Your instructions
Pictures excluded, copy all of the data below exactly.

Dataset content
★ ★ ★ ★

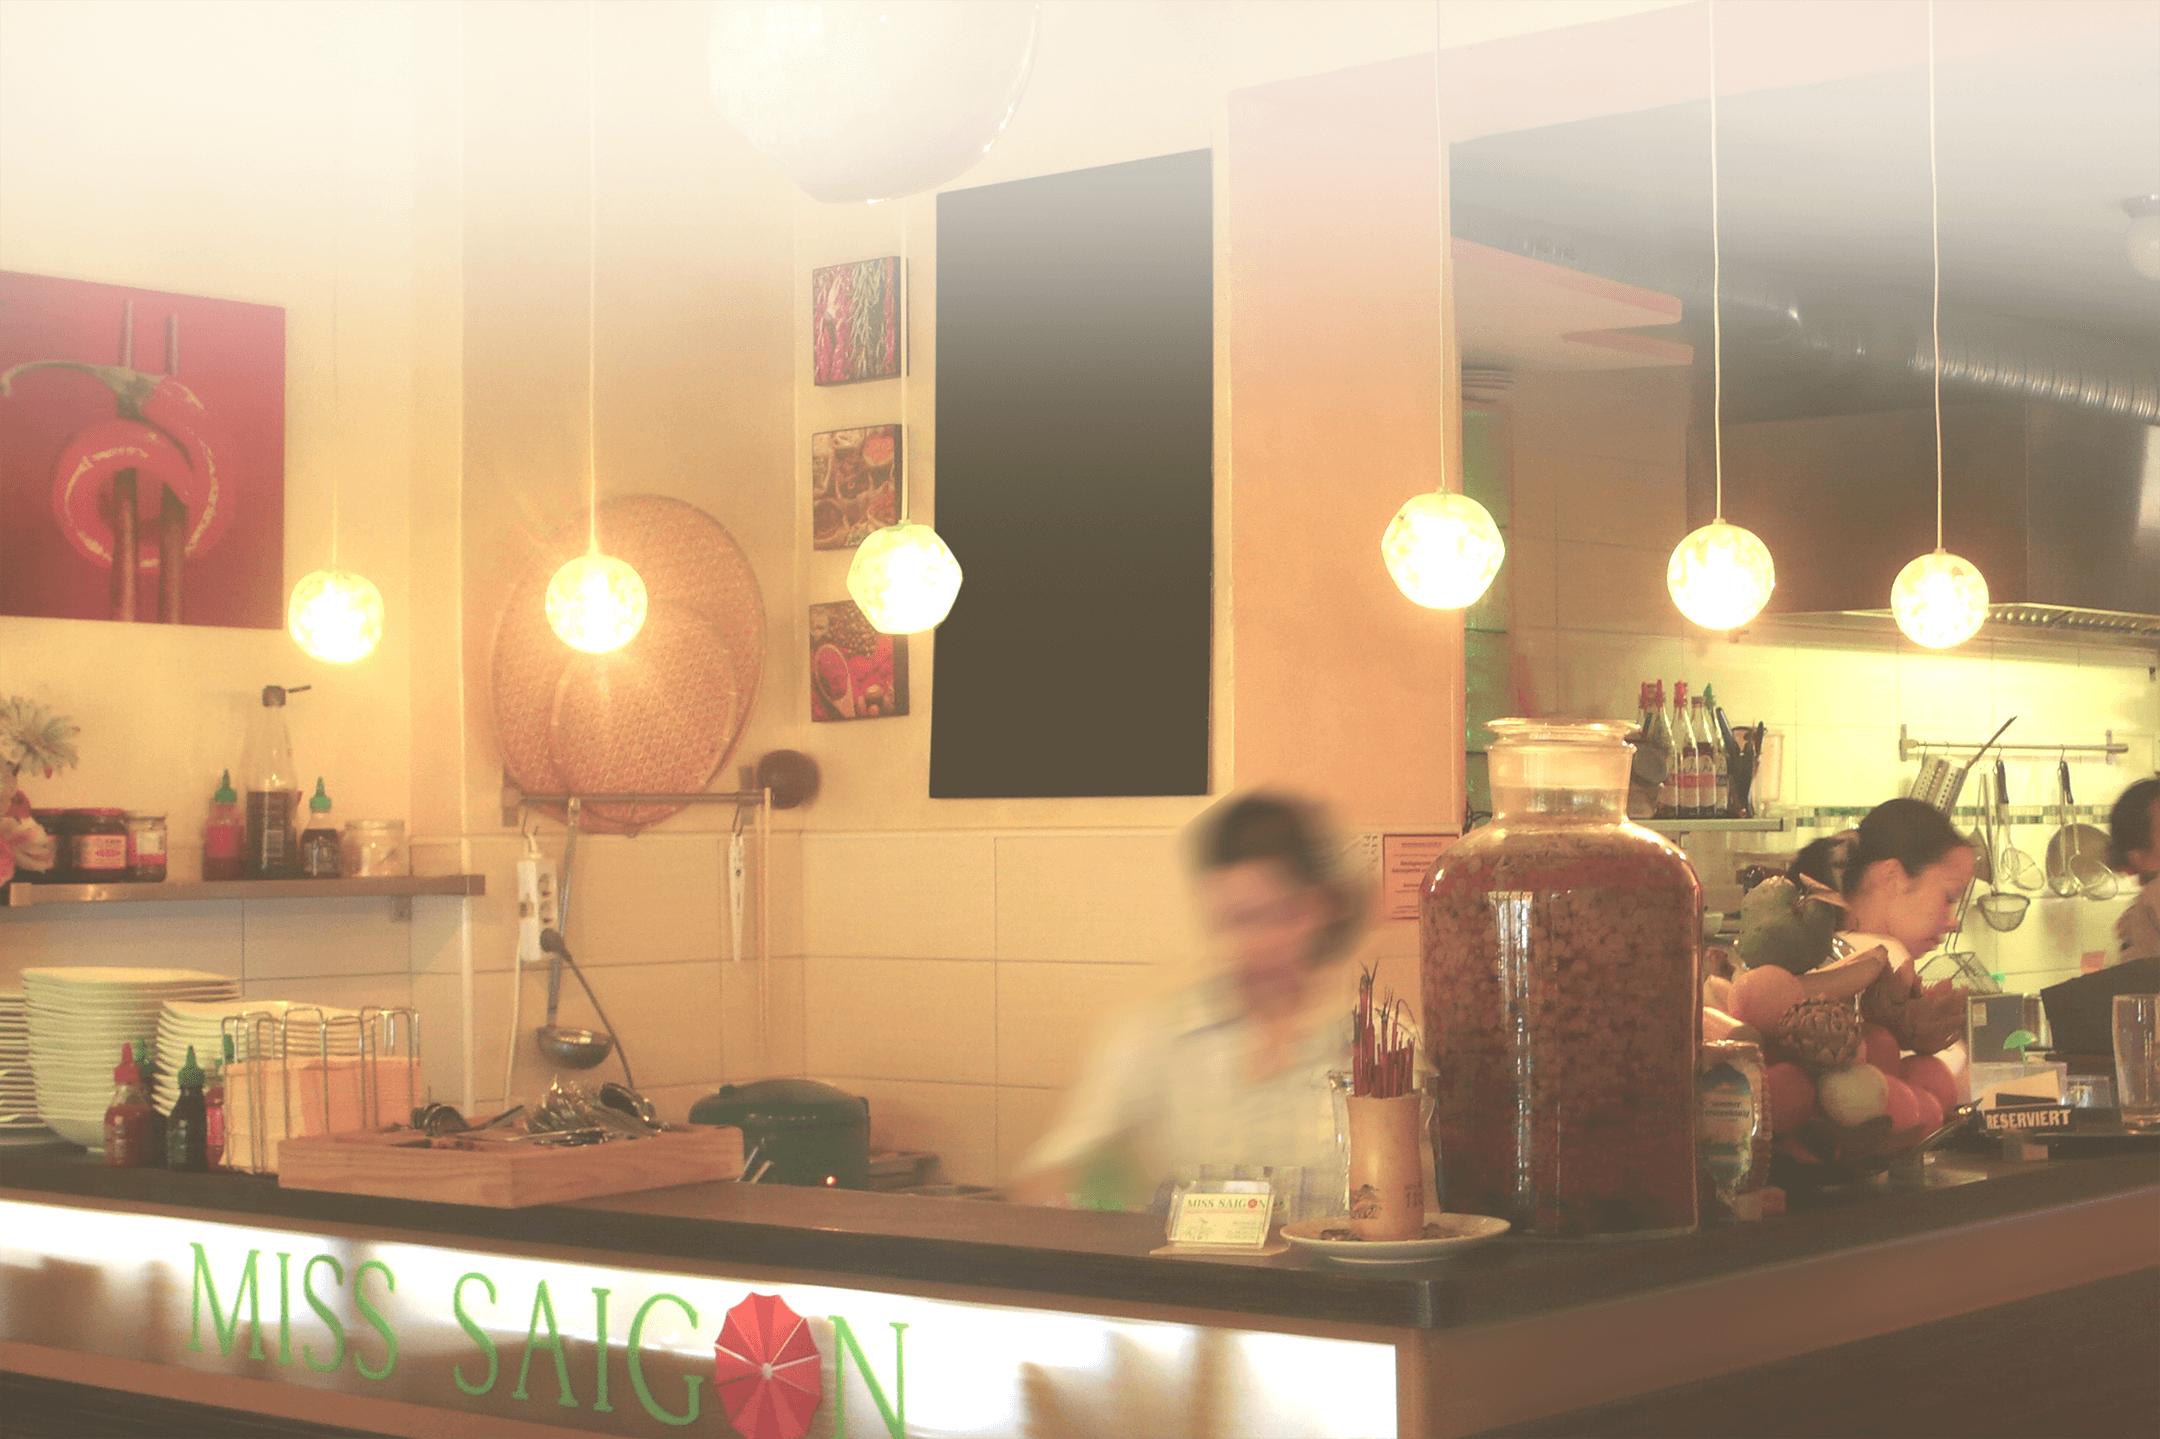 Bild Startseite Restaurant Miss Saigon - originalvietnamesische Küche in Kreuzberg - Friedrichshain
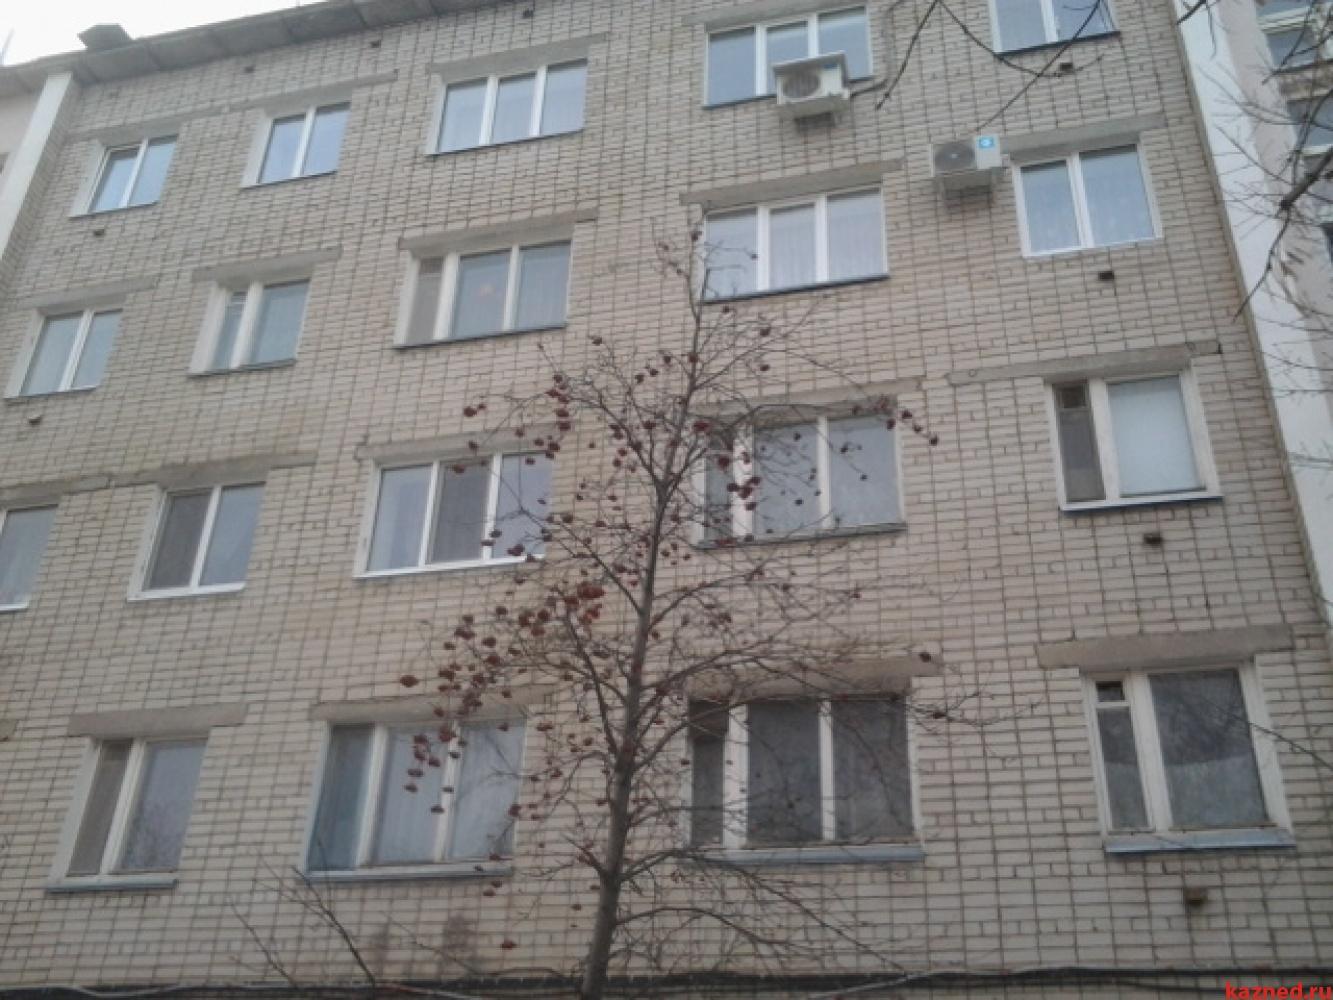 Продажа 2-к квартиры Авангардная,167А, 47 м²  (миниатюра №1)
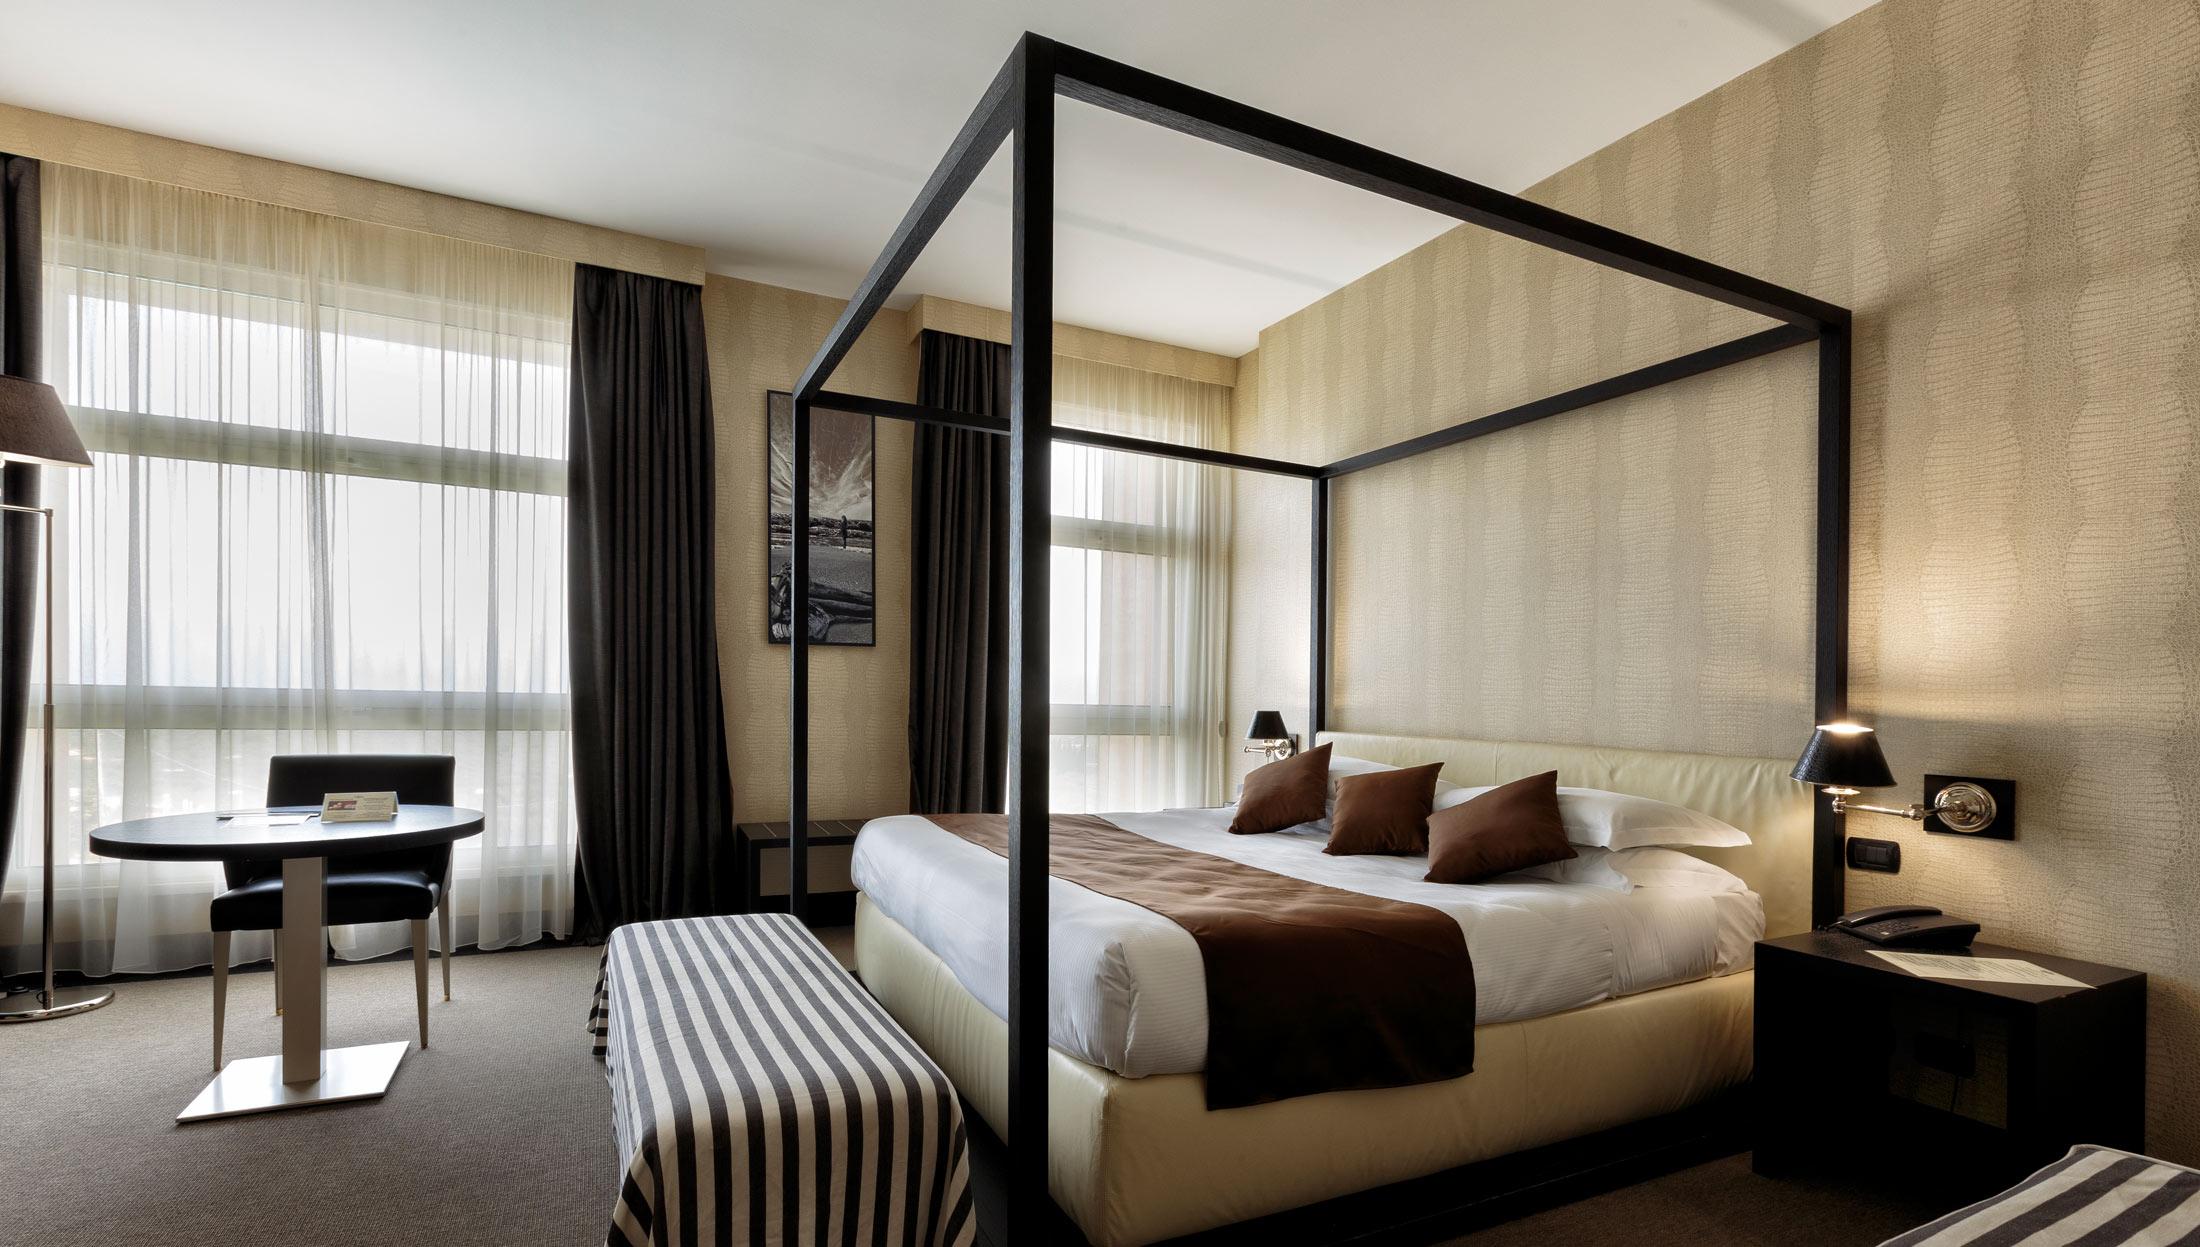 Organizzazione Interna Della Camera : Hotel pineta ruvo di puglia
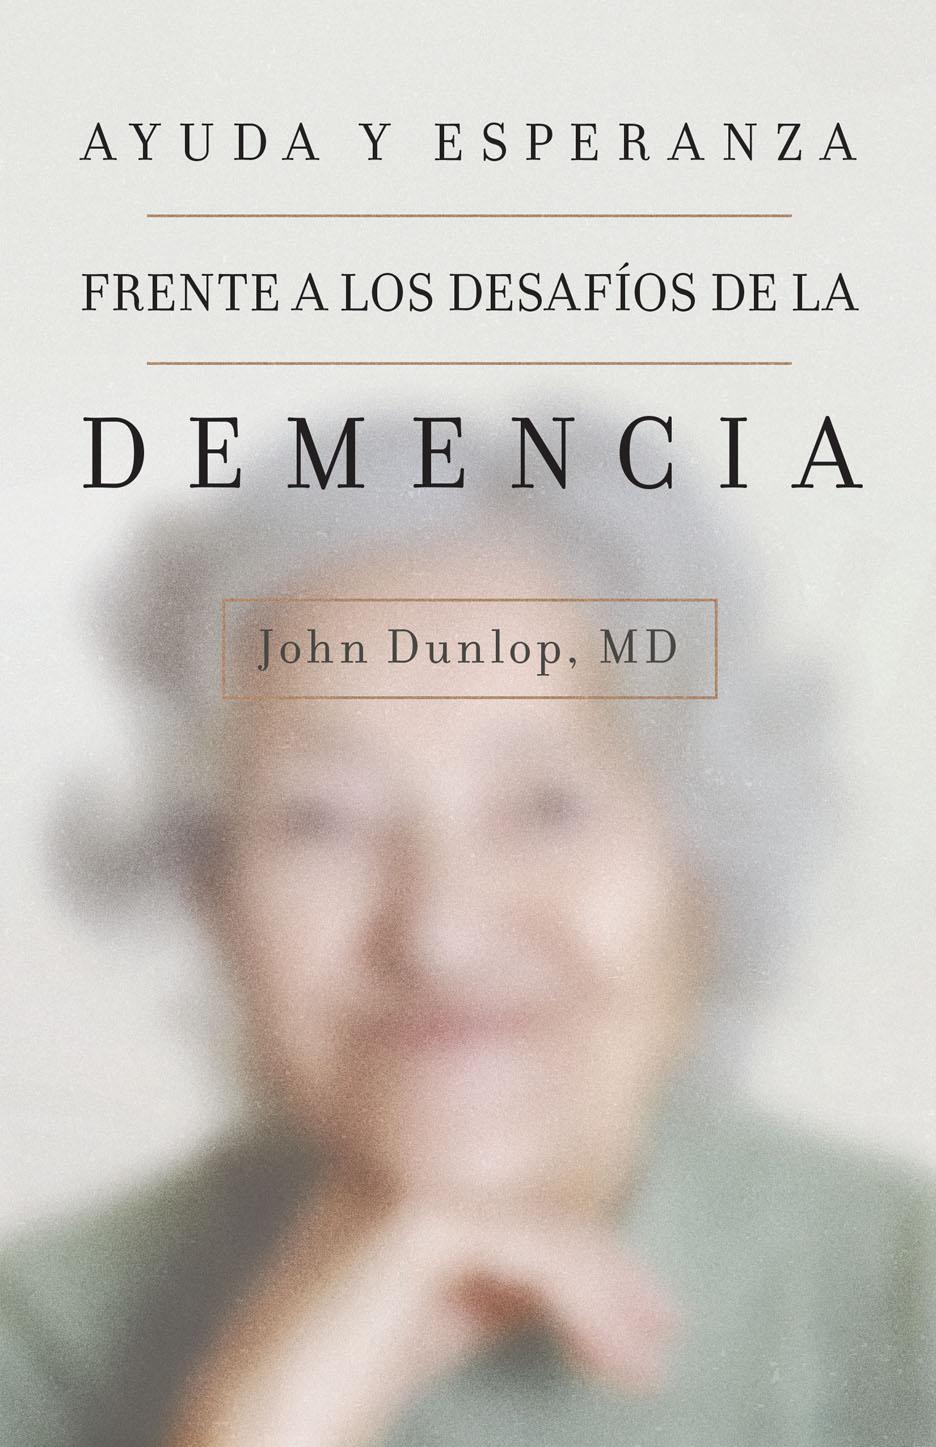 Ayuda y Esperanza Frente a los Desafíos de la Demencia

★ ★ ★ ★

Reply to the exercise
 Bild Startseite Restaurant Miss Saigon - originalvietnamesische Küche in Kreuzberg - Friedrichshain
 Продажа 2-к квартиры Авангардная,167А, 47 м²  (миниатюра №1)
 Organizzazione Interna Della Camera : Hotel pineta ruvo di puglia
 Ayuda y Esperanza Frente a los Desafíos de la Demencia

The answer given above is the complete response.